EXERCISE —
Give the data again exactly as written, skipping any pictures.

DATASET EXTRACT —
[Start of section]
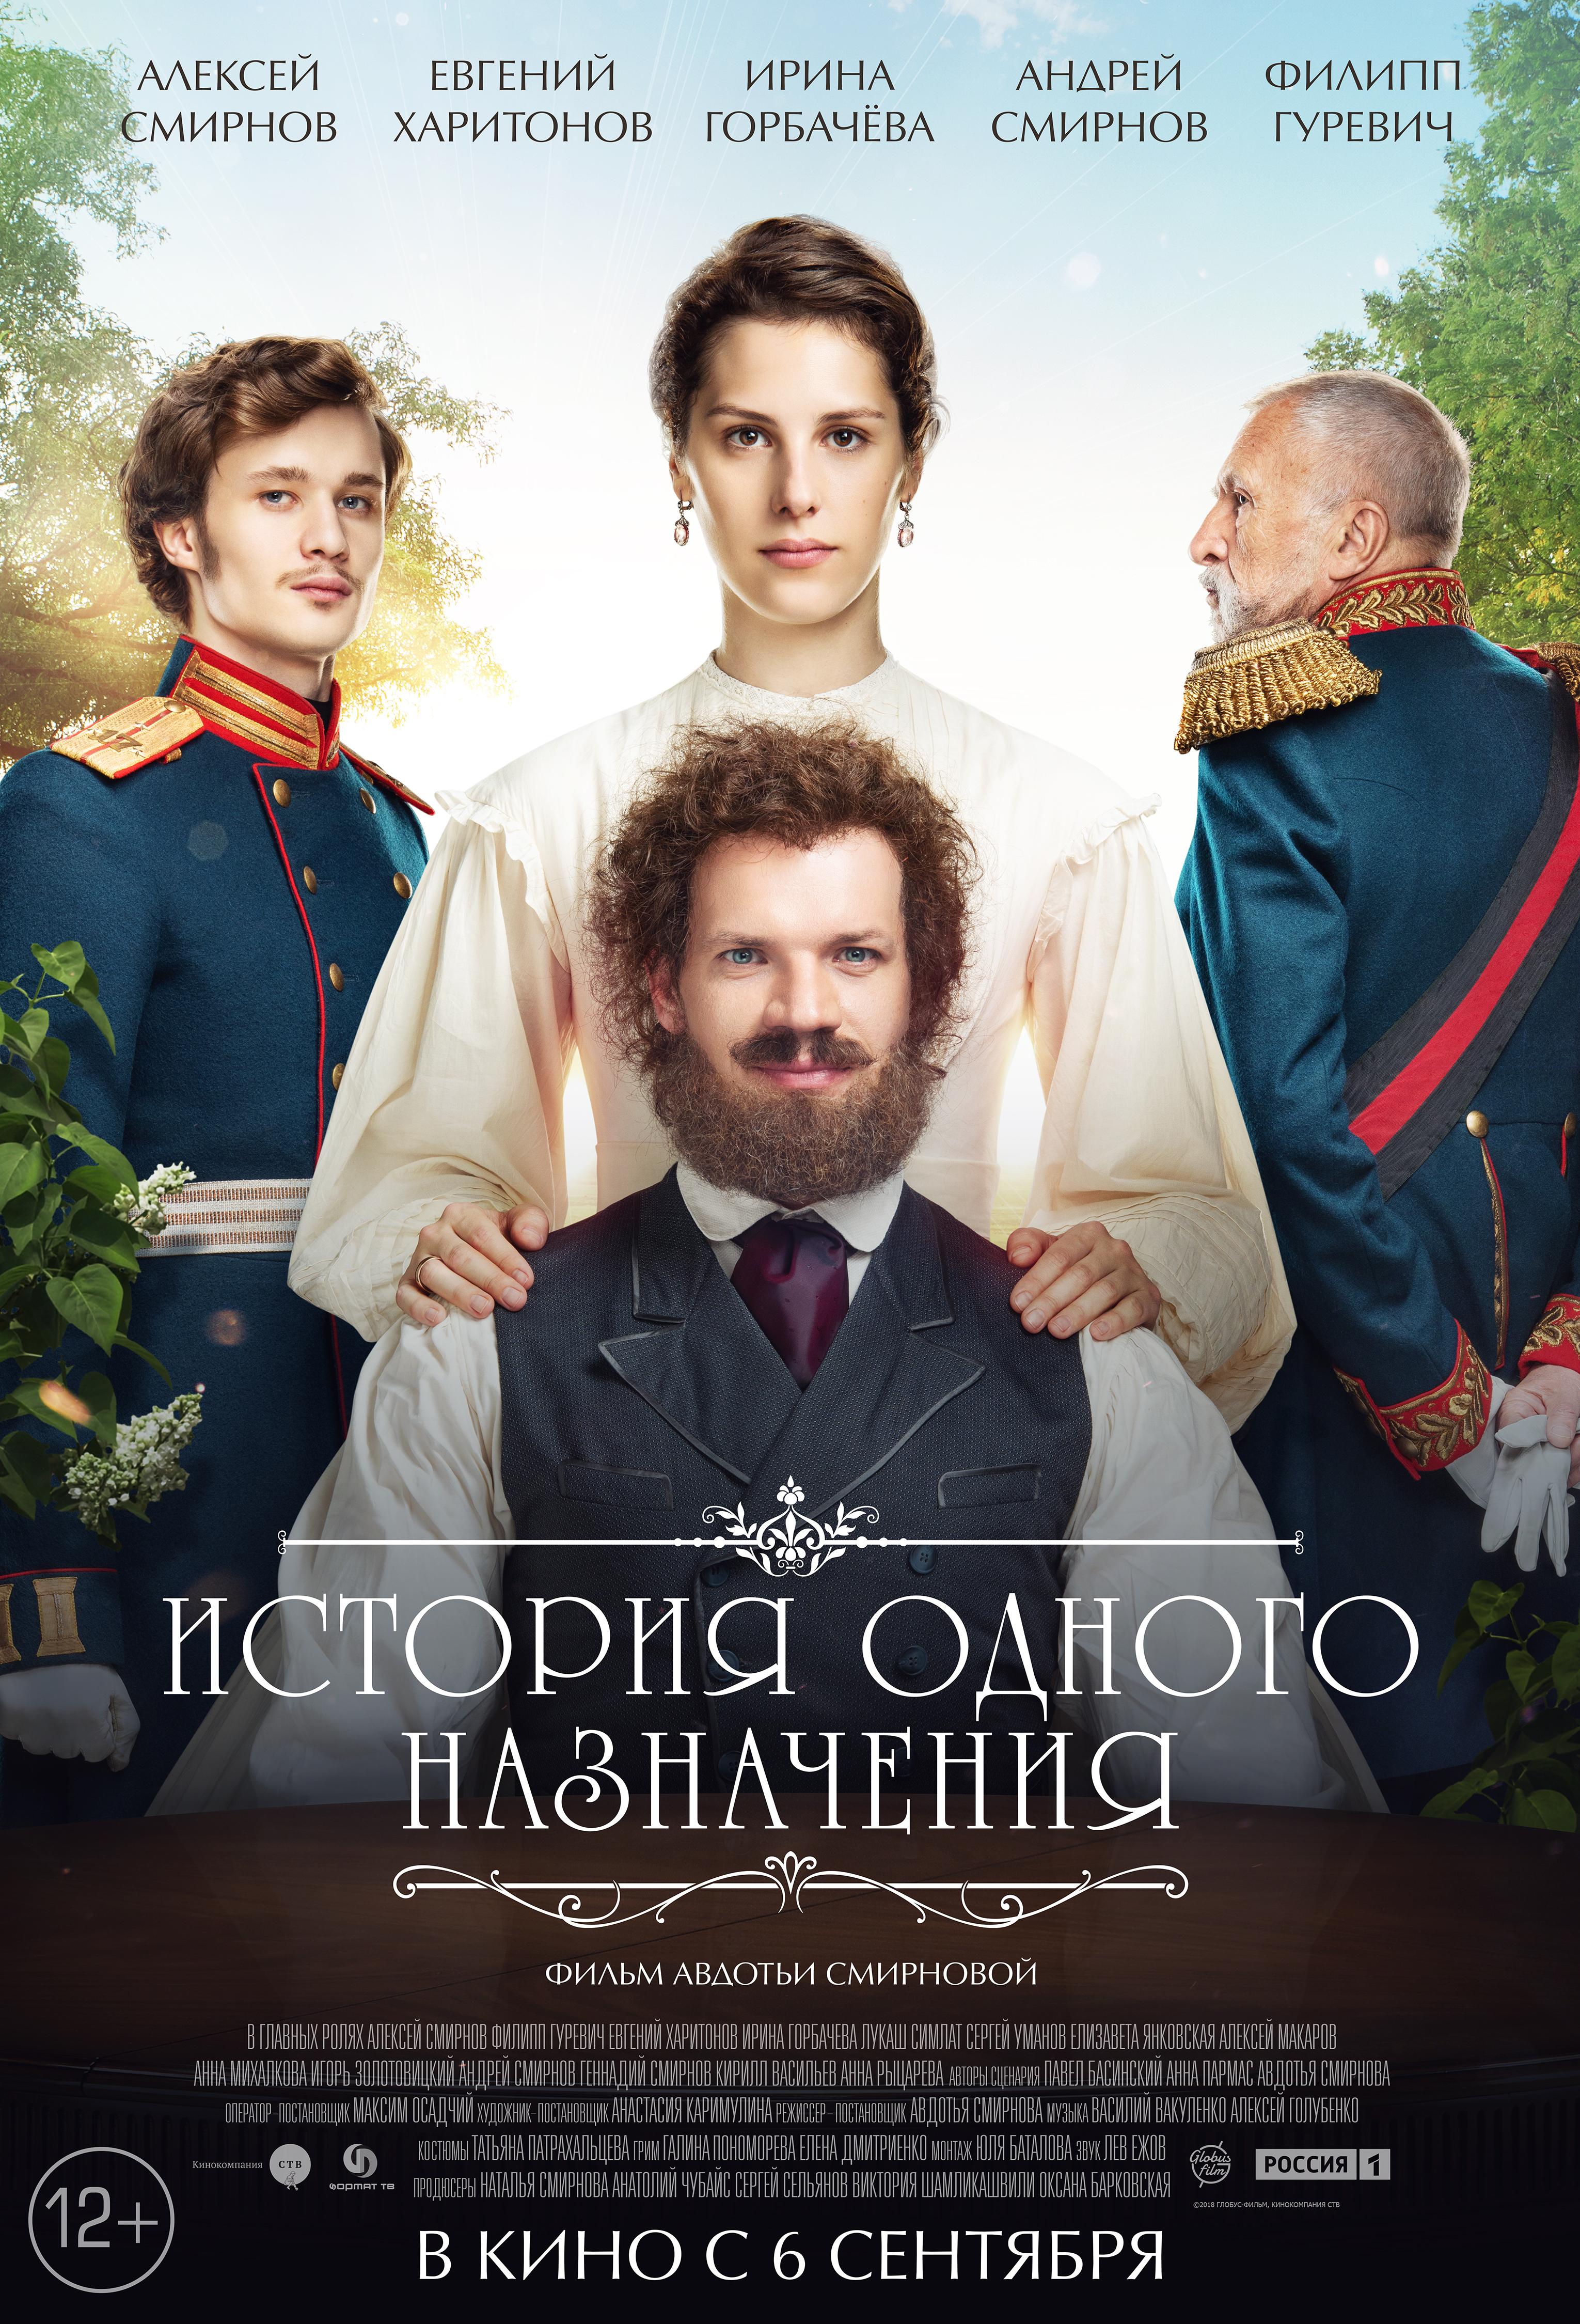 лучшие российские фильмы 2018 года афиша кино
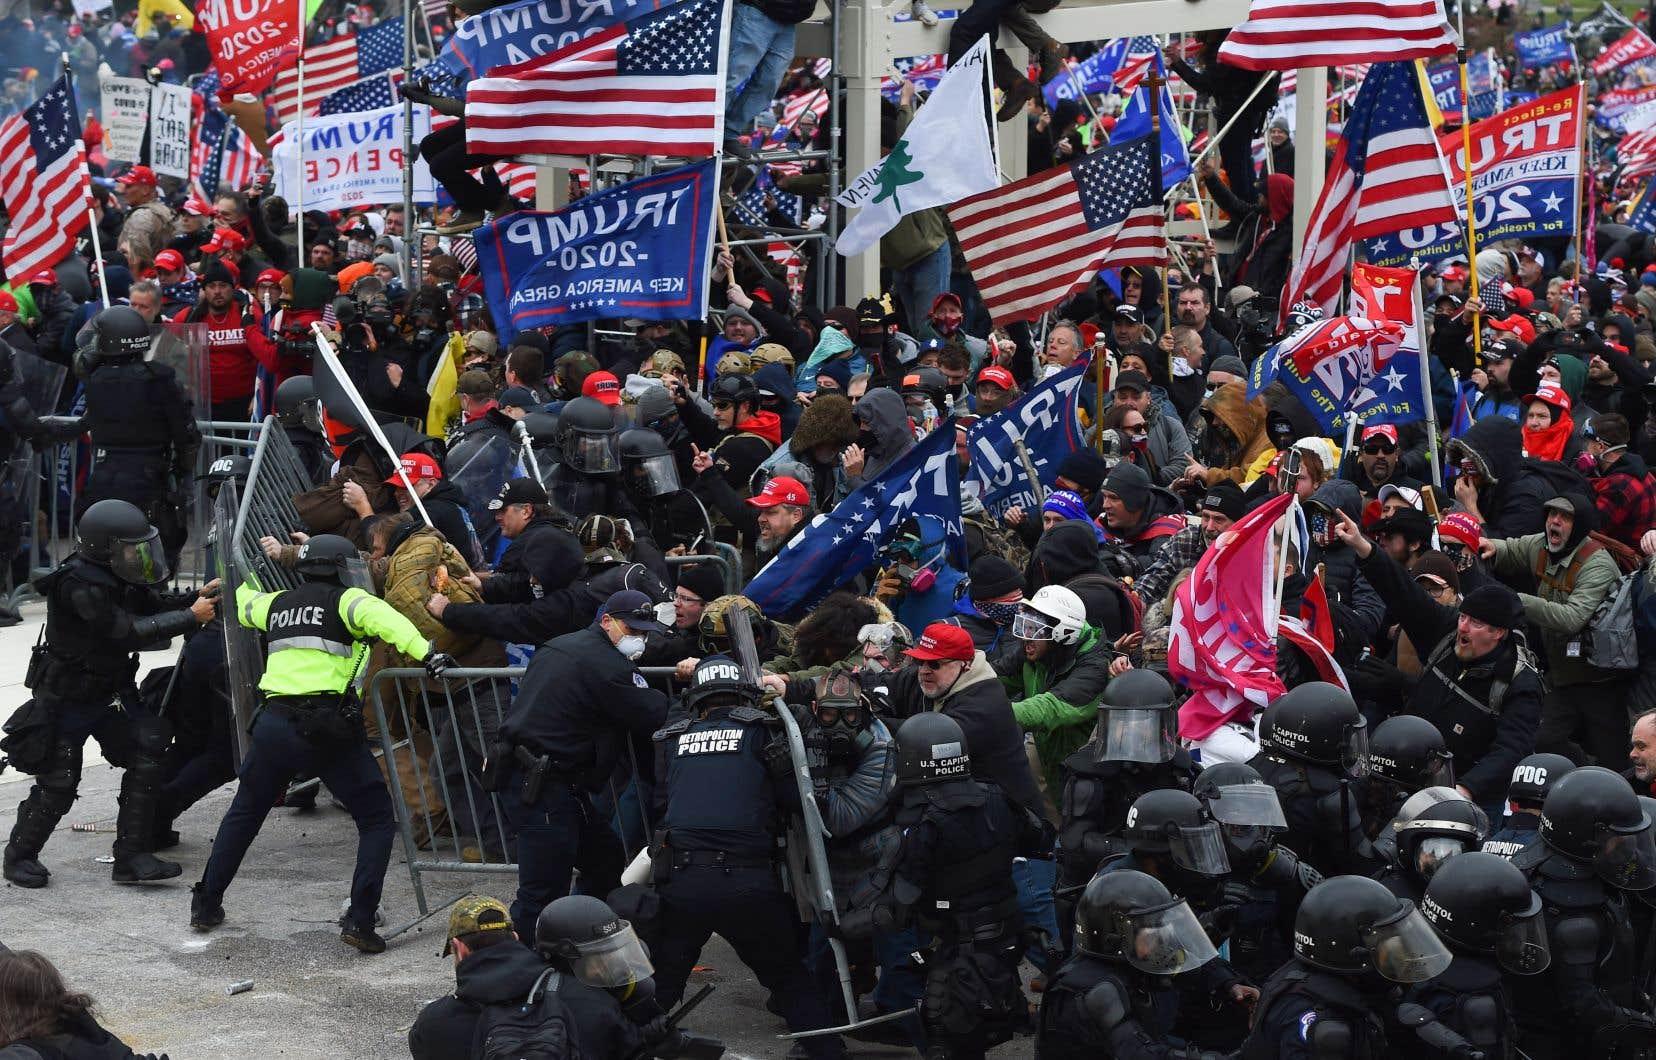 Démocrates et républicains reprochent à Donald Trump d'avoir encouragé les émeutiers qui ont pris d'assaut le Capitole mercredi, en leur scandant qu'il fallait «se battre» et «être forts» pour «regagner» le pays.
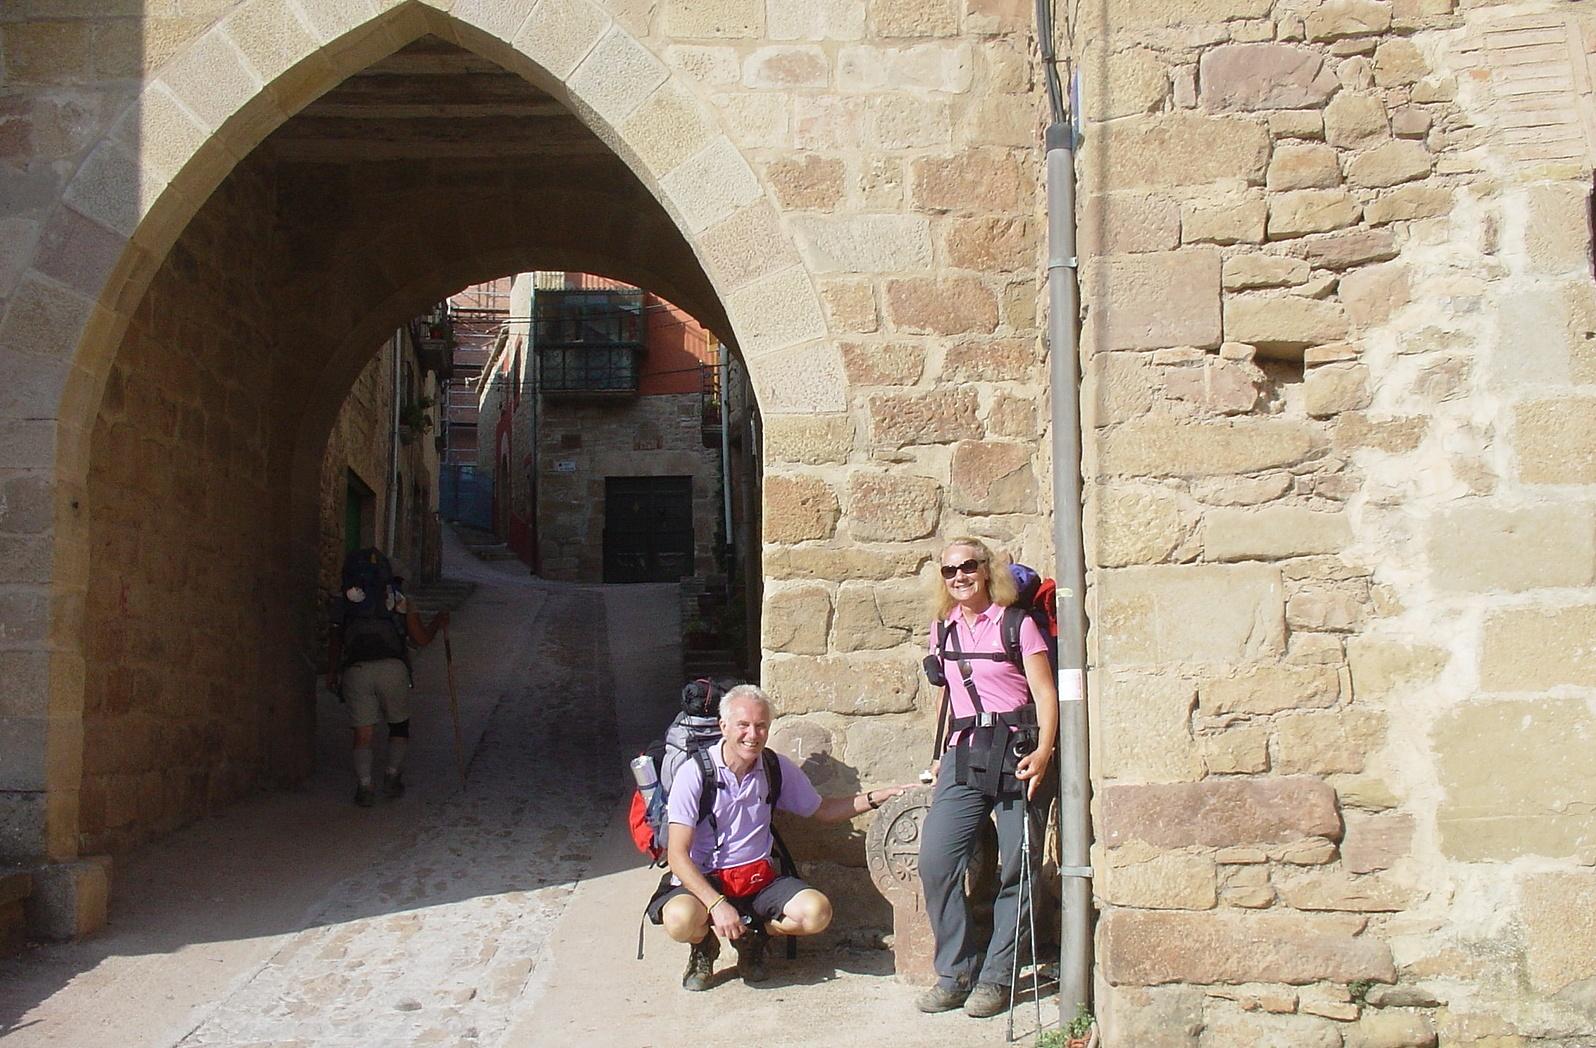 mit einer schweizer Pilgerin am Stadttor von Lorca
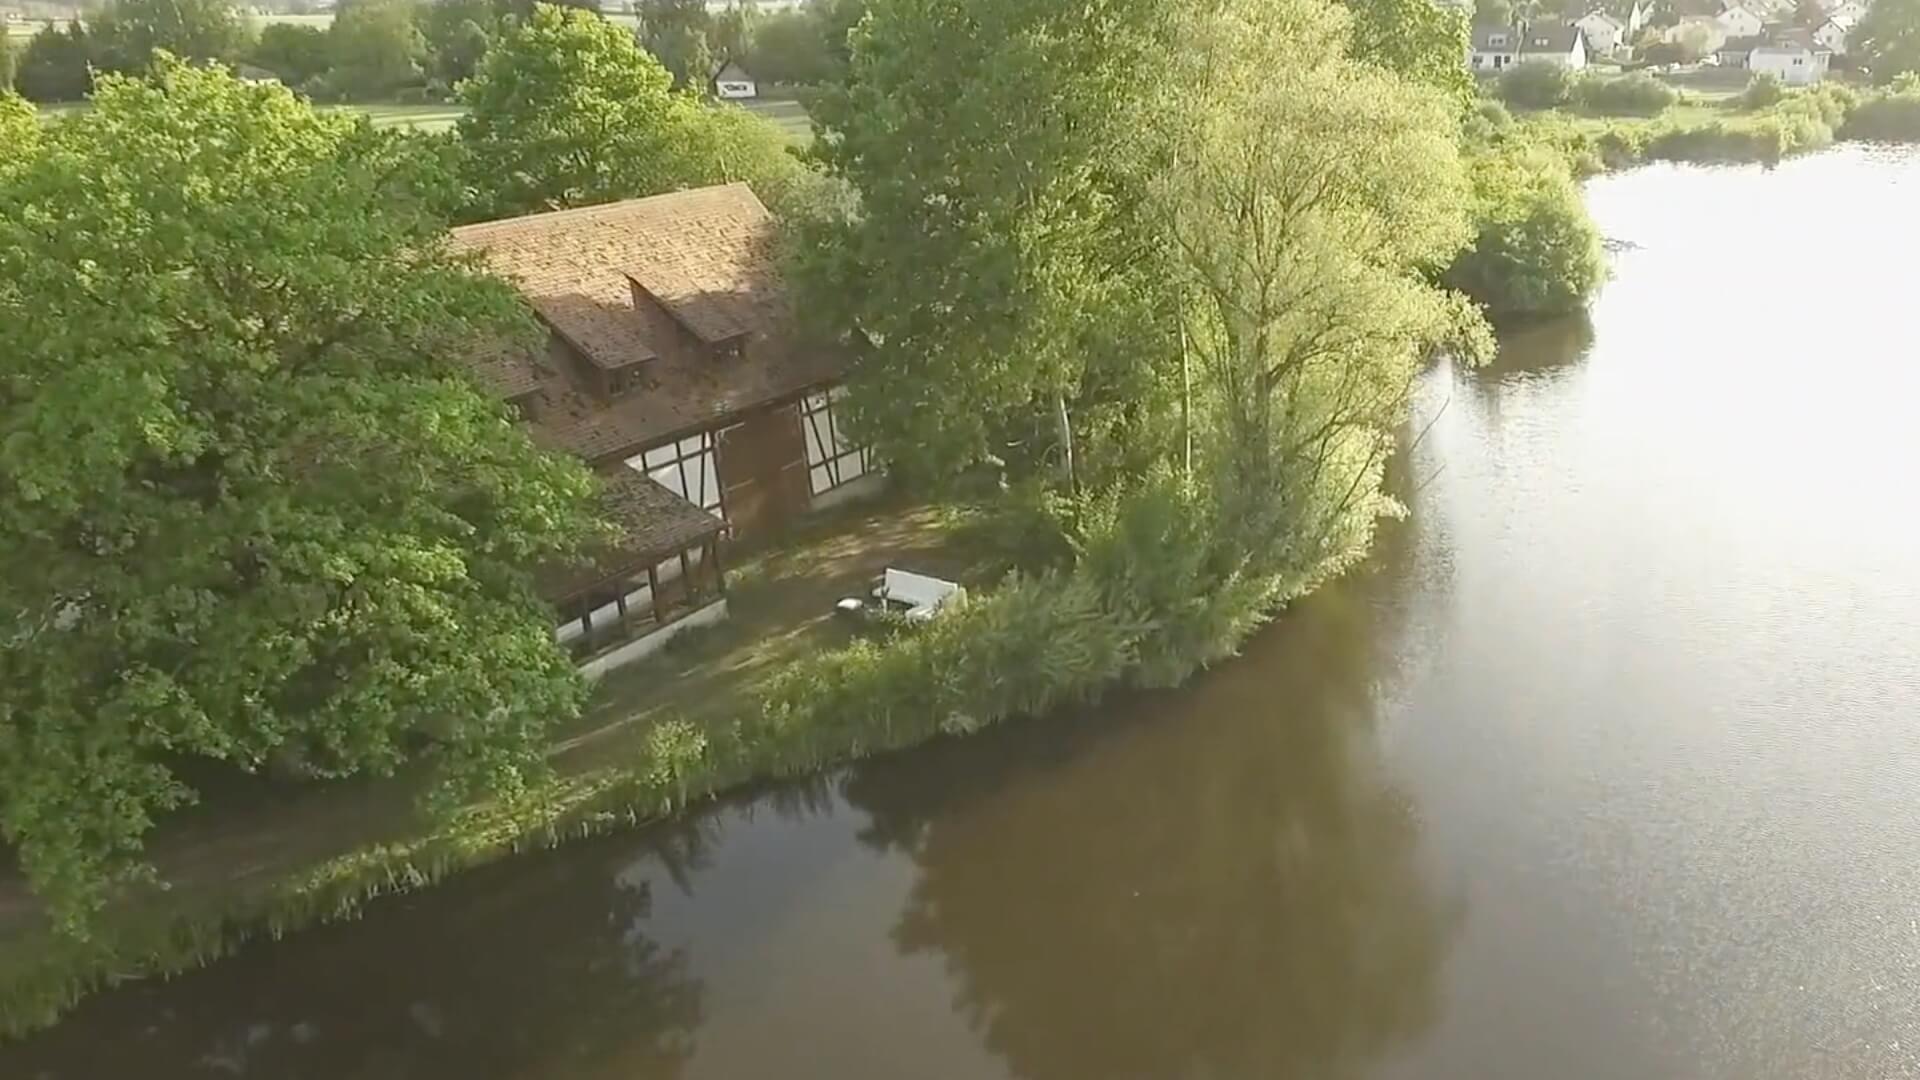 Luftaufnahme eines ländlichen Hauses
[End of section]
THE ANSWER —
 лучшие российские фильмы 2018 года афиша кино
 Démocrates et républicains reprochent à Donald Trump d'avoir encouragé les émeutiers qui ont pris d'assaut le Capitole mercredi, en leur scandant qu'il fallait «se battre» et «être forts» pour «regagner» le pays.
 mit einer schweizer Pilgerin am Stadttor von Lorca
 Luftaufnahme eines ländlichen Hauses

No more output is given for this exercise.